Depois de deixar a Susep, o advogado abriu uma empresa, a Inclusive Consultoria Empreendimentos e Participações. Em sociedade com o economista João Fernando Moura Viana, ex-chefe do Departamento de Controle Econômico da Susep, Marcos Malan decidiu topar novos desafios. De acordo com a home page da empresa na Internet, a Inclusive "tem largo espectro de atividades nos mercados de seguros, previdência privada aberta e capitalização, englobando, dentre outras, administração e aconselhamento de provisões técnicas, administração financeira, marketing e suporte legal, oportunidades de negócios e amplo conhecimento das tendências de mercado". A empresa, diz o texto, oferece "consultoria e aconselhamento com custos extremamente competitivos", além de promover parcerias, incorporações, fusões e compra de empresas no mercado segurador brasileiro, conforme propaganda eletrônica feita no endereço "https://www.callnet.com.br/inclusive".
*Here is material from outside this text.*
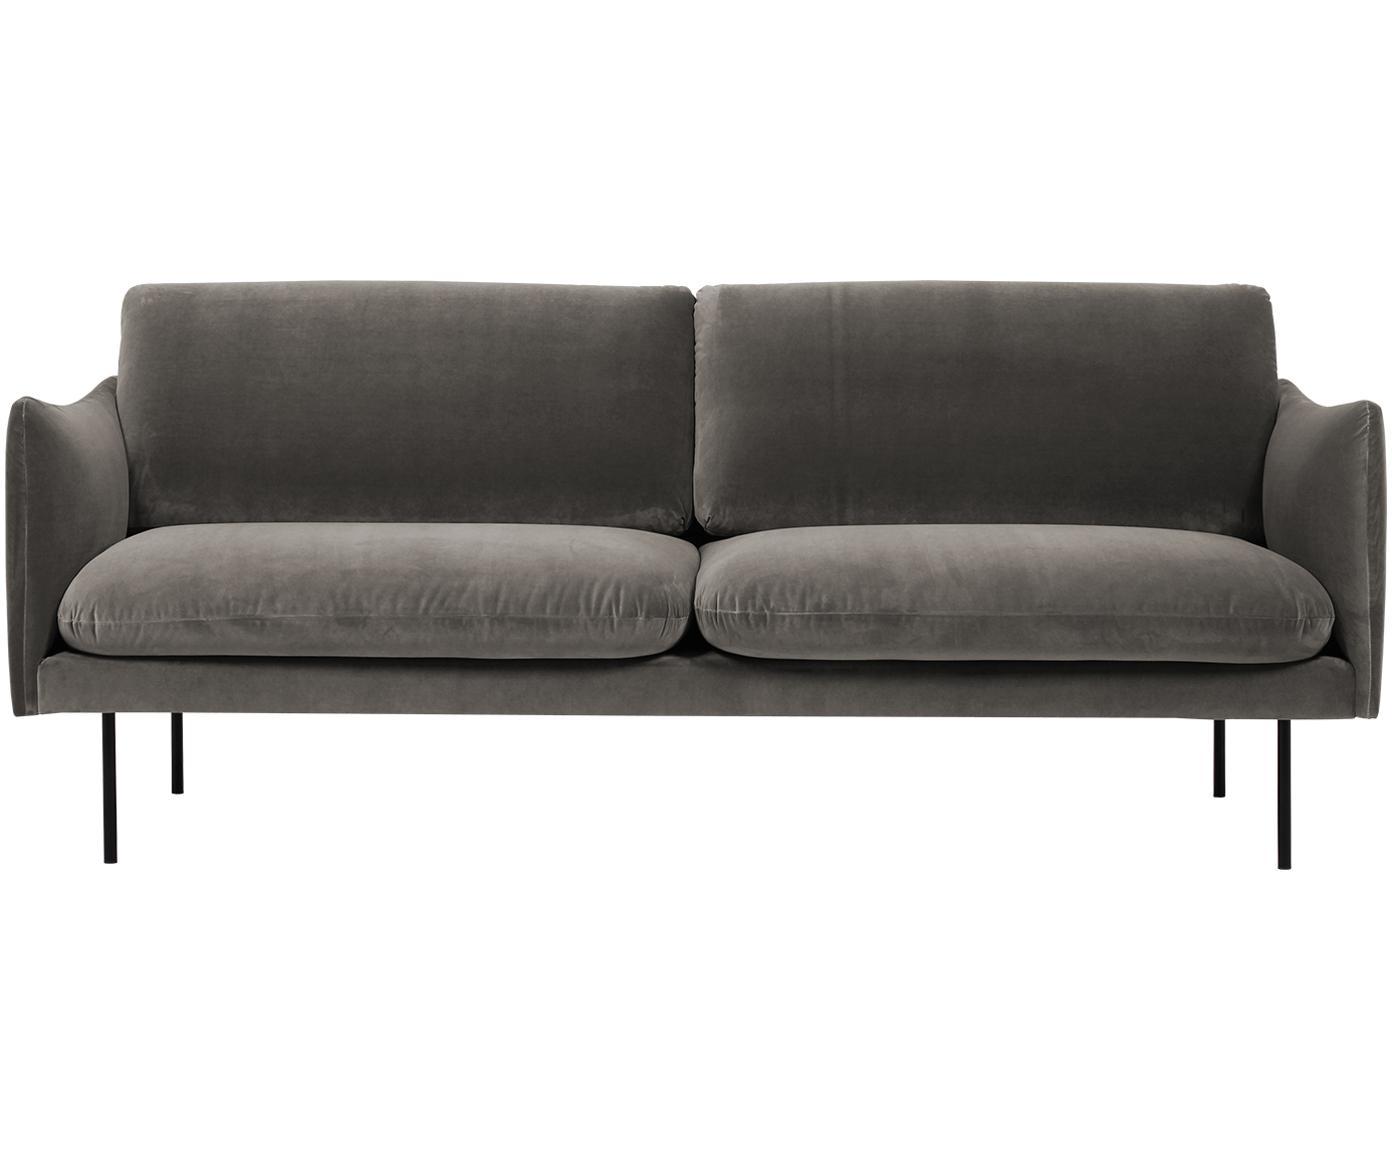 Samt-Sofa Moby (2-Sitzer), Bezug: Samt (Hochwertiger Polyes, Gestell: Massives Kiefernholz, Samt Braungrau, B 170 x T 95 cm

Procurado por ISTOÉ em sua empresa e em sua residência, Marcos Malan não retornou os recados deixados na sexta-feira 4. Tampouco houve resposta para a mensagem enviada ao e-mail da Inclusive. Mas, segundo seus amigos, sua versão para os fatos descritos por Andrade Vieira é completamente inversa. Segundo relato feito pelo próprio Marcos Malan a amigos, ele é que teria sido procurado, em 1996, por um emissário de Andrade Vieira para resolver os problemas de seu banco, em agudo processo falimentar. Tratava-se de João Elísio Ferraz, então presidente da Bamerindus Seguradora, que acenava a Marcos com o convite para uma consultoria. Marcos, num gesto de prudência, diz que telefonou ao irmão, Pedro, para ouvir sua opinião. "É melhor não entrar nisso, não", teria alertado o ministro. A sugestão teria sido acatada e Marcos não voltou a tratar do assunto, garante um de seus amigos.

Nesta quinta-feira, quando se encerrar o depoimento de Andrade Vieira, a CPI dos Bancos terá, então, de se debruçar sobre duas questões. Primeiro, esmiuçar o motivo pelo qual Marcos Malan teria ido à casa de Andrade Vieira, quanto custaria seu serviço e que tipo de préstimos ele poderia oferecer ao então banqueiro. Por fim, a CPI terá de decidir se há ou não conflito de interesses entre um ministro da Fazenda, com poderes de decisão final sobre o destino das empresas do setor de seguros, e o fato de seu irmão prestar consultoria a essas empresas.